Versions Compared

Key

  • This line was added.
  • This line was removed.
  • Formatting was changed.

This is a page collecting answers to requests arrived to the HPC Helpdesk.
Please check here before sending a specific request.

In this page:

Table of Contents


General:

  • How can I add a collaborator to my project?

    Project group leaders can also manage their user's membership on their UserDB page. 

  • I still didn’t receive the username and the password for the system access?

    You have to do the complete registration on the UserDB page and to be associated with a project (PI has to add you). Once you have inserted all the necessary information and you are associated with a project a new access button will appear, just click on it and you will receive in two mails the username and the password.

  • Backup Policy 

    Just the $HOME filesystem is guaranteed by daily backups. The backup procedure runs daily and we preserve a maximum of three different copies of the same file. Older versions are kept for 1 month. The last version of deleted files is kept for 2 months, then definitely removed from the backup archive.

  • Information about my project on CINECA clusters (end data, total end monthly amount of hours, the usage?)

    You can list all the Accounts attached to your username on the current cluster, together with the "budget" and the consumed resources, with the command:

    > saldo -b 

    More information in our documentation.

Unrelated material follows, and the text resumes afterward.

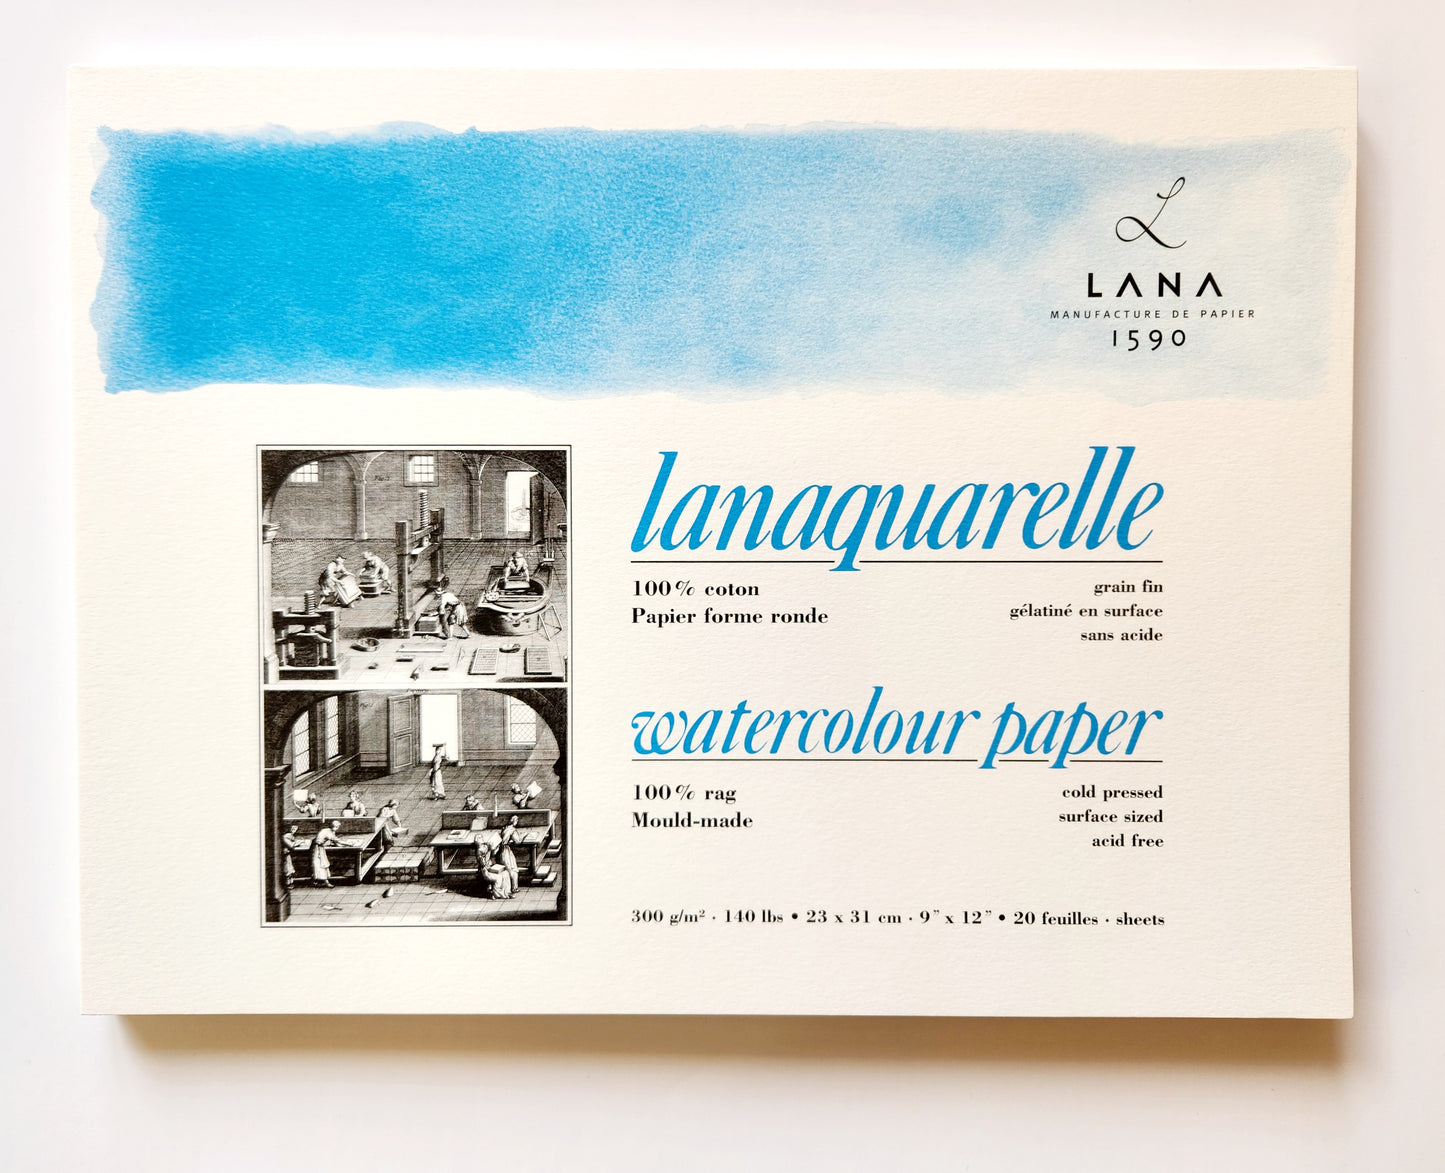 Lanaquarelle Aquarelle Pad 23x31 cm 300g Cold Pressed  Best quality cotton aquarelle paper. 100% cotton. Size 23x31cm, 300g/m2, 20 sheets glued on all 4 sides. Semi-rough paper.

  • I have finished my budget but my project is still active, how can I do?

    Non-expired projects with exhausted budgets may be allowed to keep using the computational resources at the cost of minimal priority. Ask superc@cineca.it to motivate your request and, in case of a positive evaluation, you will be enabled to use the qos_lowprio QOS.

  • Which filesystems do I have available? Which usage is intended?

    • $HOME: to store programs and small light results. This is permanent, backed-uped, user-specific, and local area.
    • $CINECA_SCRATCH: where you can execute your programs. This is a large disk for the storage of run time data and files. It is a temporary area
    • $WORK: An area visible to all the collaborators of the project. This is a safe storage area to keep run time data for the whole life of the project and six months after the end of the project.
    • $DRES: An additional area to store your results if they are heavy. This space is not automatic. You need to request for it writing to superc@cineca.it

     More detailed information can be found here.

  • How can I check how much free disk have I available? 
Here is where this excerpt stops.